After preclinical testing, there were two ‘multicenter studies’ sponsored by Apple which were meant to (i) validate the clarity of the app to generate an ECG strip similar lead I of a 12-lead clinical ECG, (ii) classify the rhythm as sinus rhythm or AF. 

The first study was used to support the first version of the app (1.0).  It enrolled 602 patients, 301 in an AF cohort and 287 in a sinus rhythm cohort (14 excluded).  Study participants were asked “to record three single lead ECGs using the ECG app as study staff simultaneously recorded three 12-lead ECGs using an FDA-cleared clinical device (GE Healthcare CardioSoft ECG device).” For (i), three certified cardiac technicians looked at 140 samples (70 AF and 70 sinus rhythm) and compared the Apple Watch ECG to lead I of the clinical ECG.  For (ii), three blinded cardiologists classified the 12-lead ECG as ‘sinus rhythm’, ‘AF’, ‘other’ (not sinus rhythm or AF within a HR of 50-100) or ‘unreadable’.  The ECG app classified the app generated rhythm as ‘sinus rhythm’, ‘AF’, ‘unclassifiable’ or ‘unreadable’ as well.  For classifiable ECGs, the sensitivity and specificity was then calculated.

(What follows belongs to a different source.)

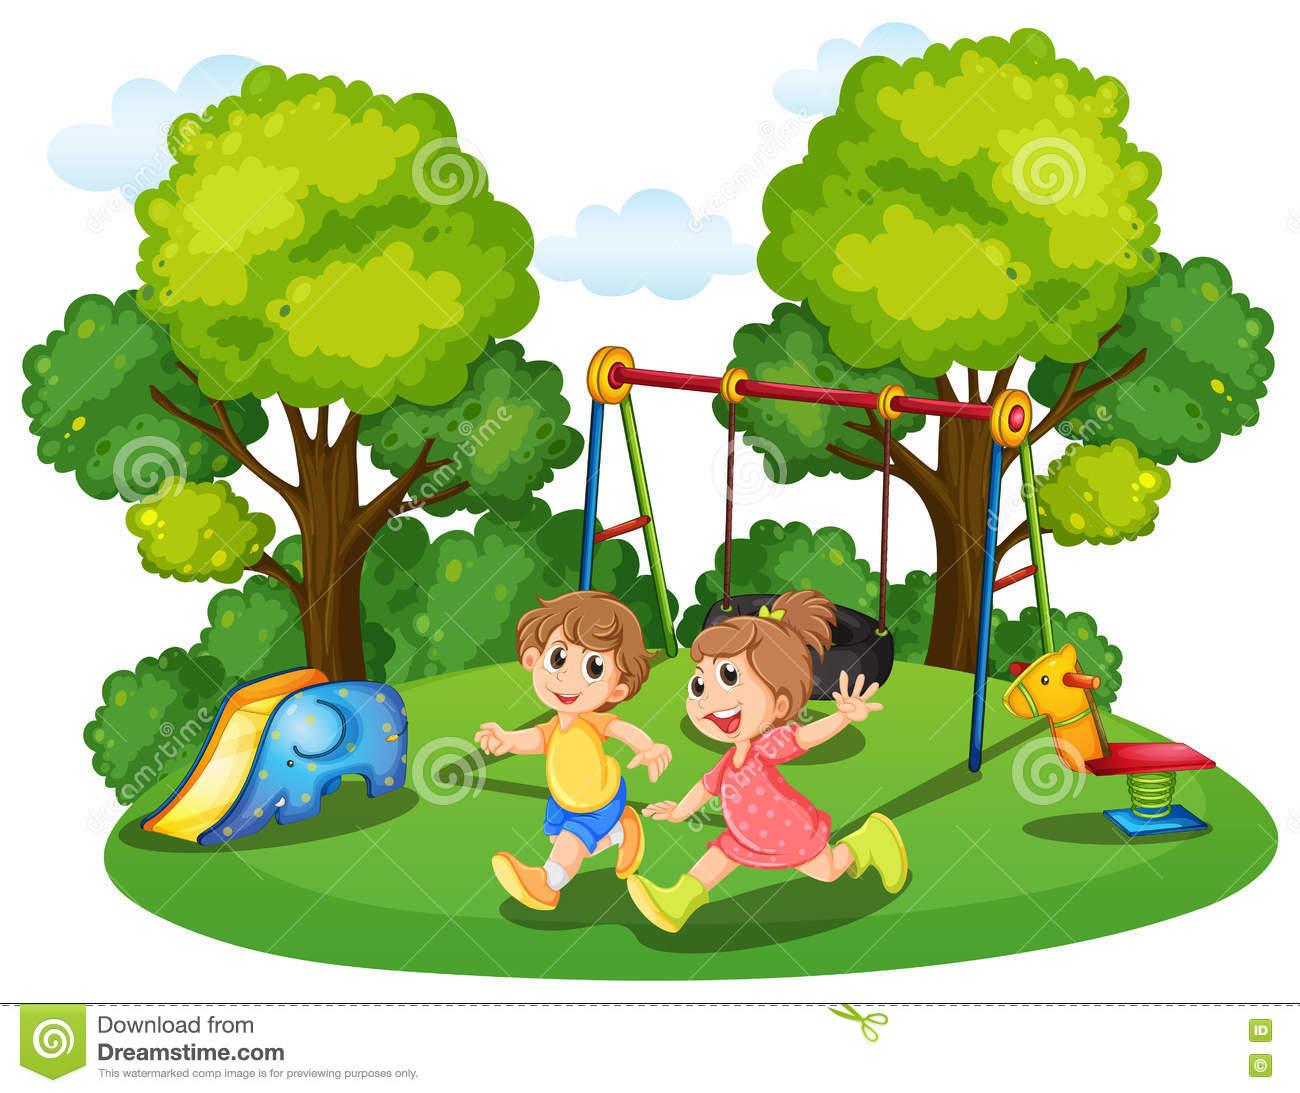 Two Kids Running Park Stock Illustrations u2013 16 Two Kids Running Park Stock  Illustrations, Vectors u0026 Clipart - Dreamstime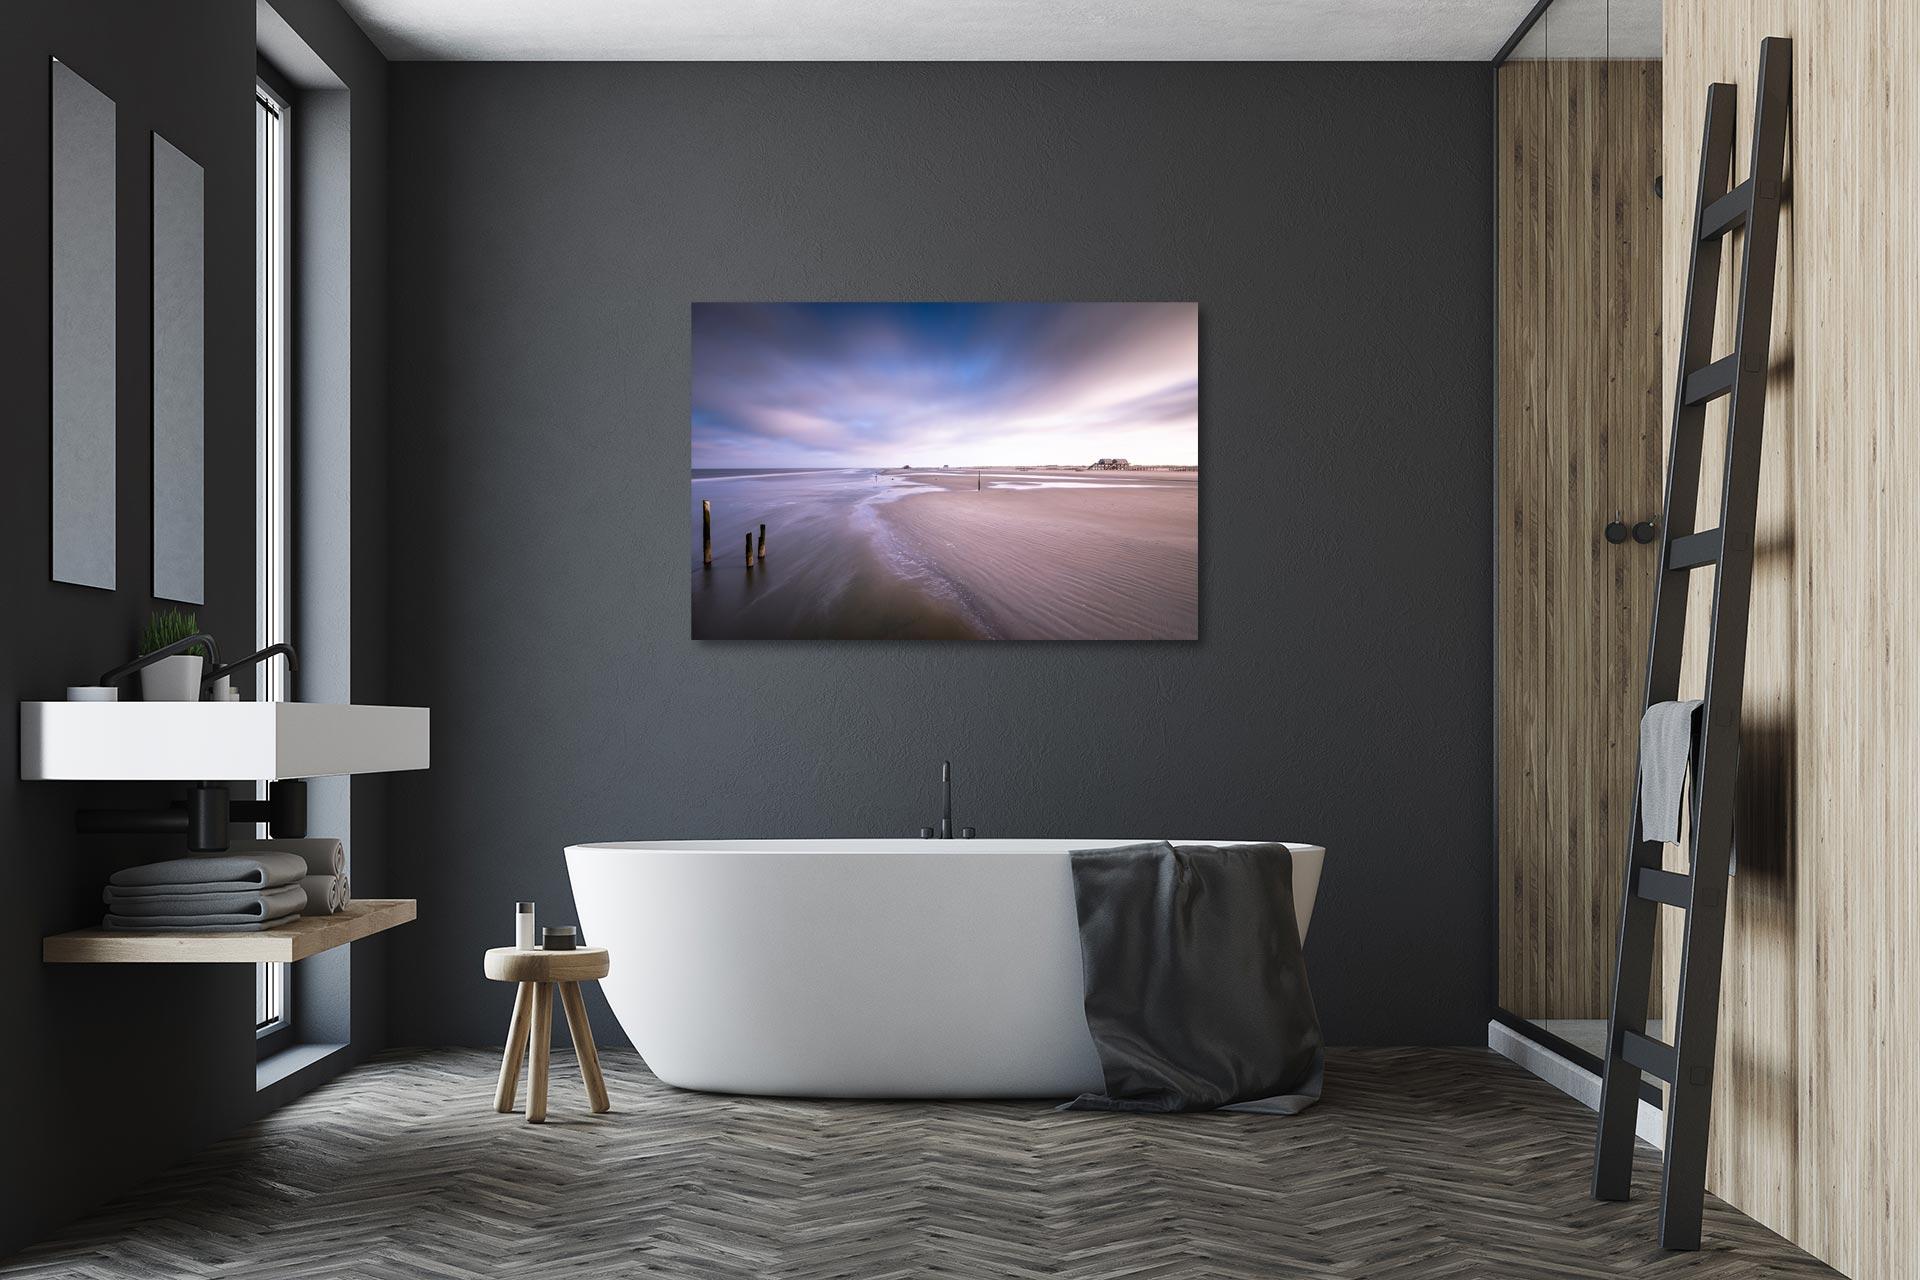 JS205-spo-1-bild-auf-leinwand-acrylglas-aludibond-badezimmer

The second study was used to support the second version of the app (2.0), which expanded the classifiable heart rate from 50-100 to 50-150 bpm and introduced two new classifications of ‘sinus rhythm with high HR’ (>100 bpm) and ‘AF with high HR’ (>100 bpm).  It enrolled 546 patients, 304 in the AF cohort and 241 in the sinus rhythm cohort (1 excluded).  The end points of this study were similar to the first (sensitivity and specificity for AF), but including HRs up to 150 bpm.  This version of the app was also tasked with attempting to make a diagnosis of supraventricular tachycardia (though the details of what was classified as supraventricular tachycardia for this purpose are not specifically laid out).  Two blinded cardiologists independantly classifyied the 12-lead ECGs in this study.   

Results: 

For the first study, technicians rated 99.2% of all tracings (that weren’t excluded due to artifact, n=13) as morphologically equivalent to lead I of the 12-lead clinical ECG.

Source: https://www.apple.com/healthcare/docs/site/Apple_Watch_Arrhythmia_Detection.pdf

The sensitivity and specificity of the ECG algorithm was 98.3% and 99.6%, respectively (when not including the unclassifiable ECGs n=13).  When unclassifiable was included, sensitivity and specificity were 95.5% and 97.1%, respectively.  

Source: https://www.apple.com/healthcare/docs/site/Apple_Watch_Arrhythmia_Detection.pdf

In the second study,  the sensitivity and specificity were 98.5% and 99.3% respectively for expanded HR ECG classifications of AF and sinus rhythm.  The sensitivity and specificity of this algorithm was tested at rest and after exercise without a significant difference in the results.  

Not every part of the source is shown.